Na última quinta-feira, 12 de setembro, chegou aos cinemas brasileiros o novo filme protagonizado por Juliette Binoche, Quem Você Pensa que Sou. Dirigido por Safy Nebbou, o longa, uma mistura de drama e suspense, foi exibido no 69º Festival Internacional de Cinema de Berlim, em fevereiro deste ano.
A trama acompanha Claire Millaud (Binoche), uma escritora de 50 anos que se apaixona por um garoto muito mais novo (François Civil) pela Internet. O problema é que eles jamais se encontraram, e o rapaz acredita estar conversando com uma mulher muito mais nova, já que a protagonista mantém um perfil falso nas redes sociais.
"O filme começa a brincar com a noção de ficção: qual seria o problema em criar uma versão fictícia de si mesma se criamos versões de nossas próprias histórias na literatura, por exemplo? A escritora, enquanto artista, não seria equivalente da mulher criadora de seu avatar-personagem? O roteiro compara habilmente as narrativas virtuais com as narrativas literárias, percebendo o mundo virtual enquanto ato de criação". Leia nossa crítica completa.
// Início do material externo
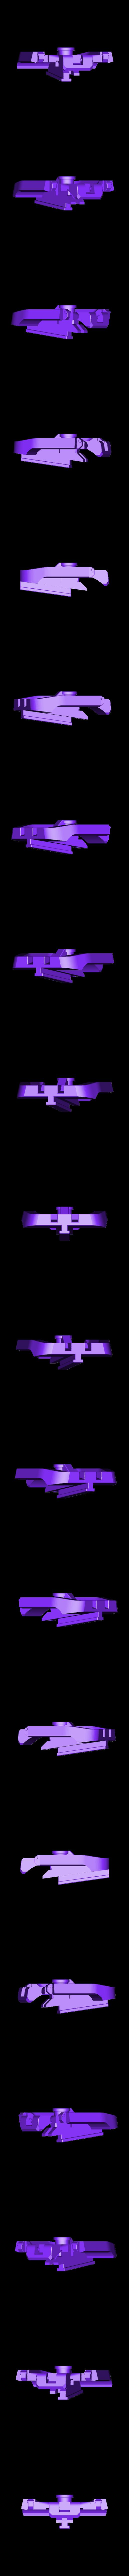 29_Drag_Waist2_Top_GREEN.stl Download STL file ARTICULATED DRAGONLORD (not Dragonzord) - NO SUPPORT • 3D printer model, Toymakr3D
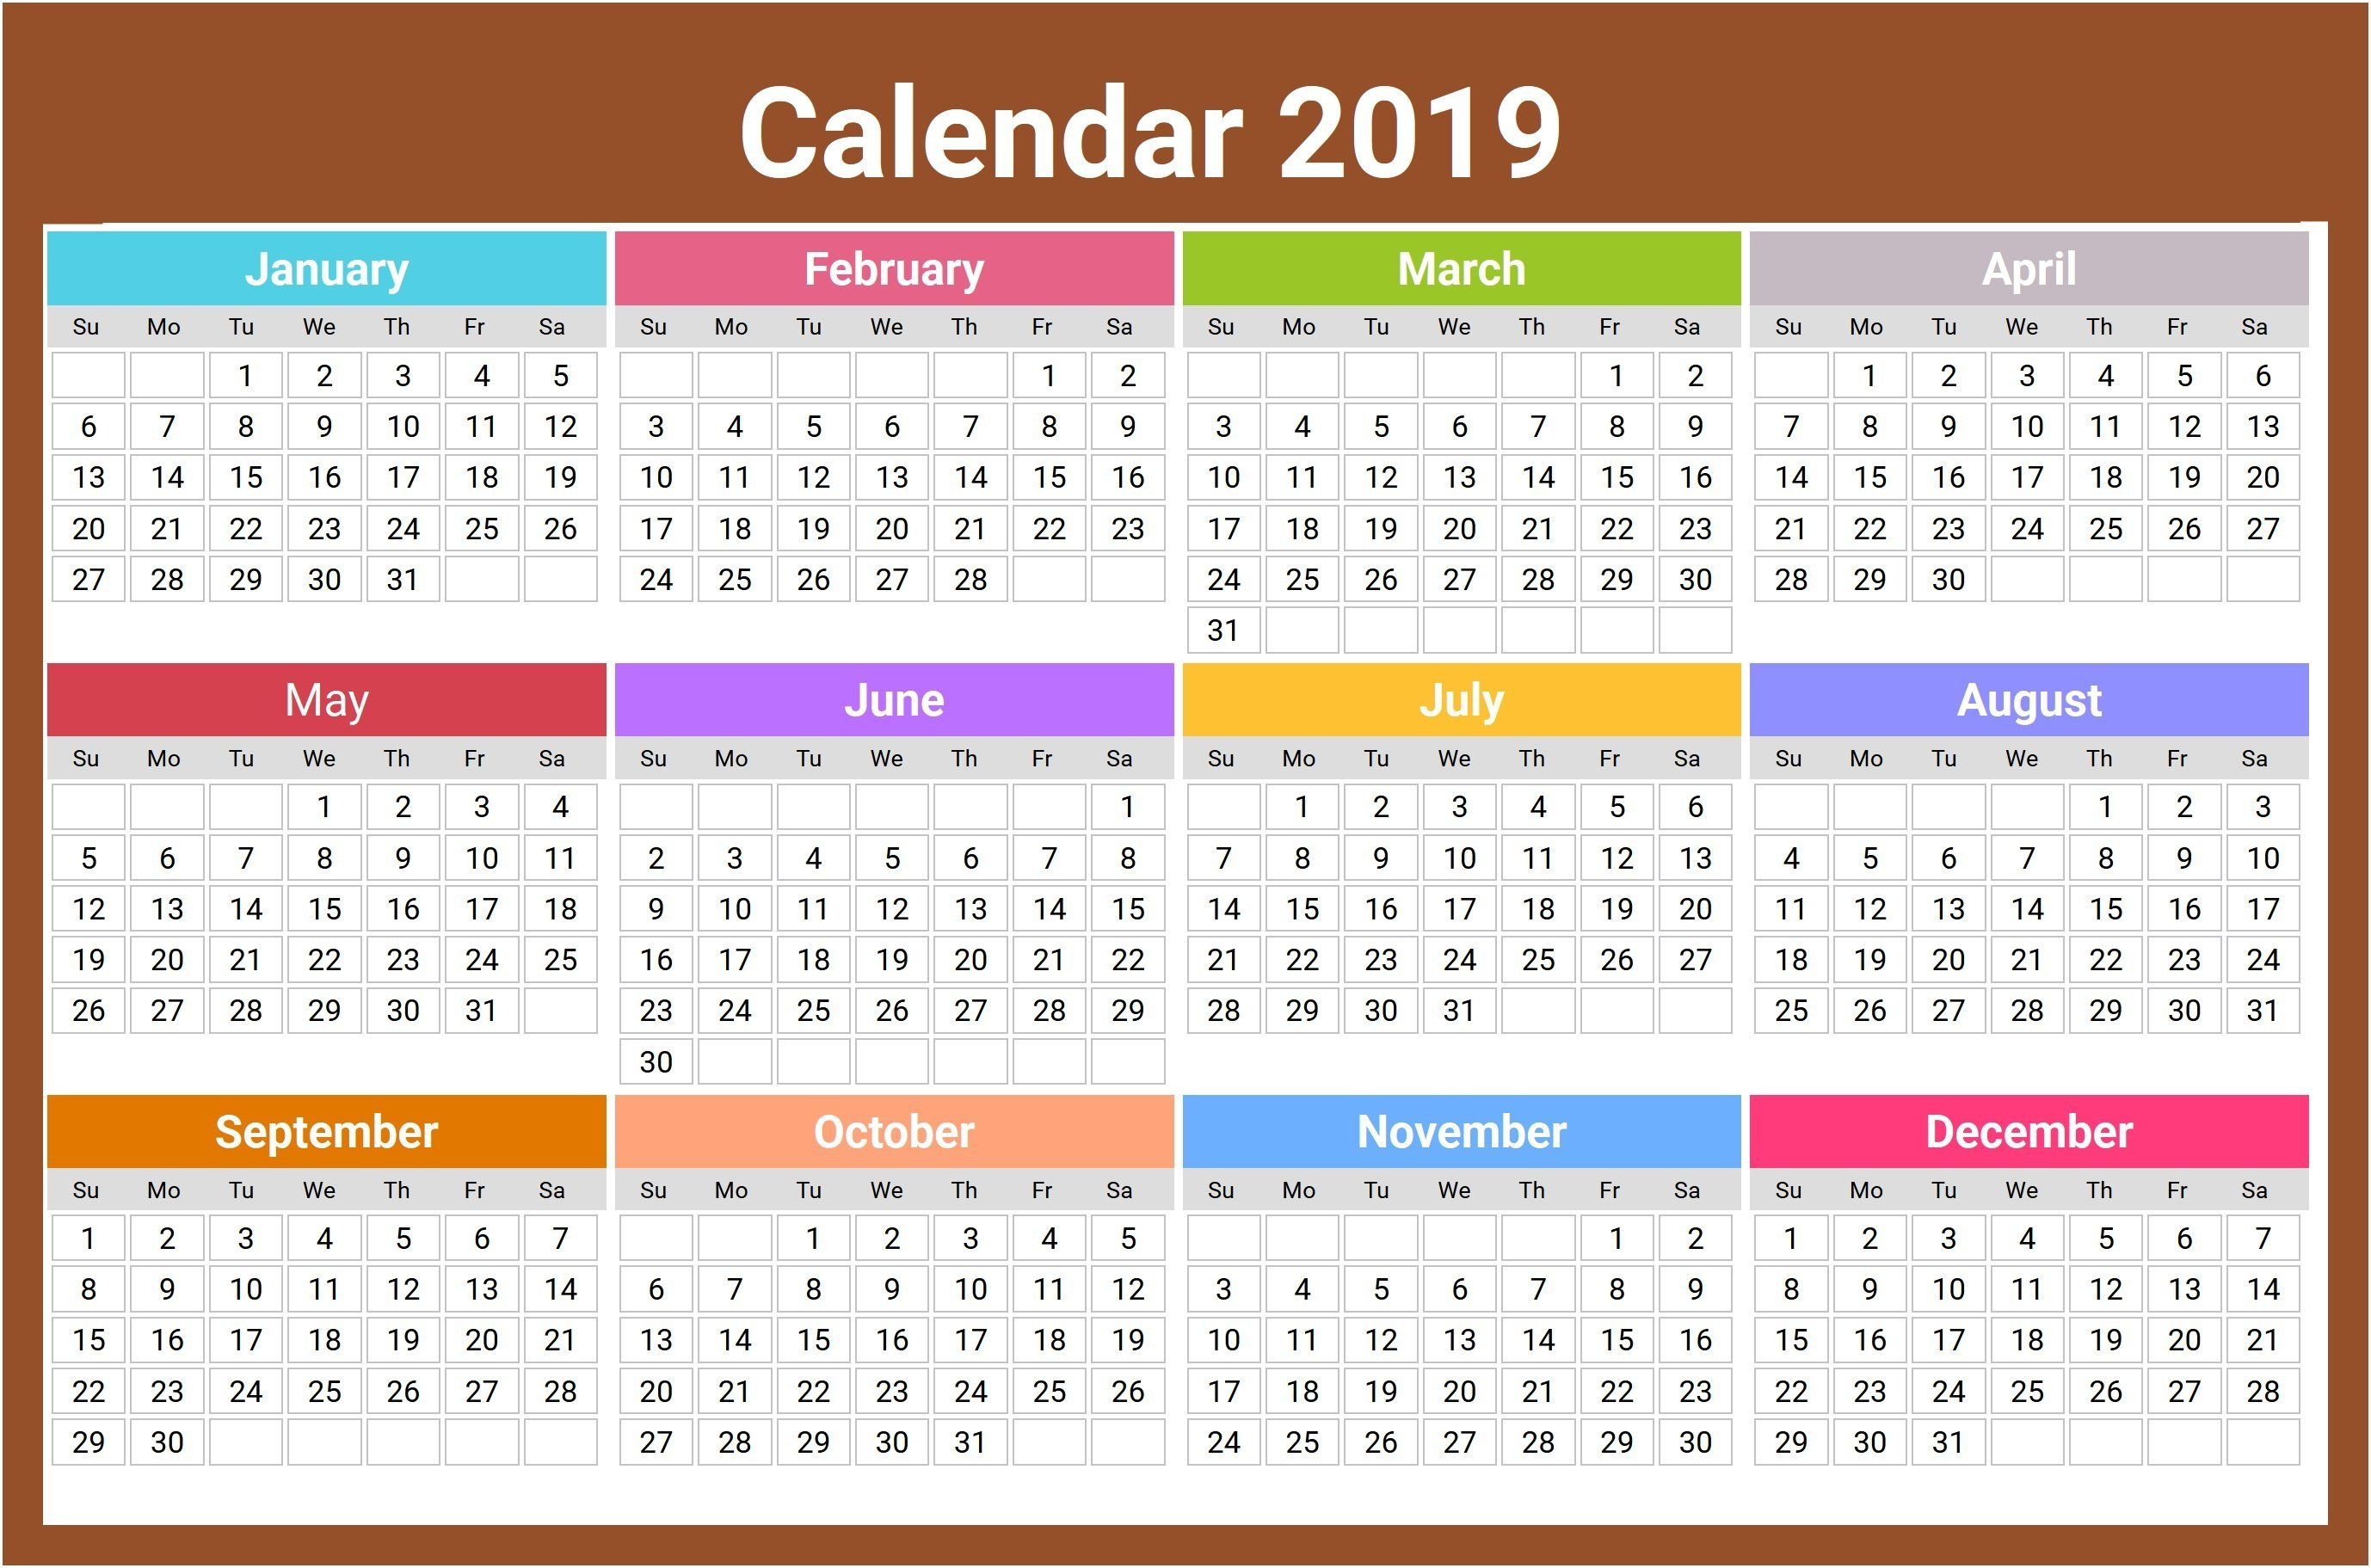 2019 Ka Calendar To Download Or Print   Americanwomanmag Calendar 2019 Ka

Durante a cobertura do festival, o AdoroCinema conversou com exclusividade com Juliette Binoche, que foi presidente do júri nesta edição, e Safy Nebbou. Confira!
Por que você quis fazer esse filme? O que aguçou a sua imaginação?
Juliette Binoche: Eu acho que o problema do abandono é a grande questão que temos que enfrentar na vida até o fim. Então, o fato de que essa mulher está sendo deixada pelo marido no início da história, e que o amor mais jovem dela a deixa em uma posição de se sentir desprezada, é interessante para ver como ela vai se redefinir e encontrar uma identidade em que ela possa sentir dignidade. É claro que é só uma ilusão, porque em certo ponto não funciona mais.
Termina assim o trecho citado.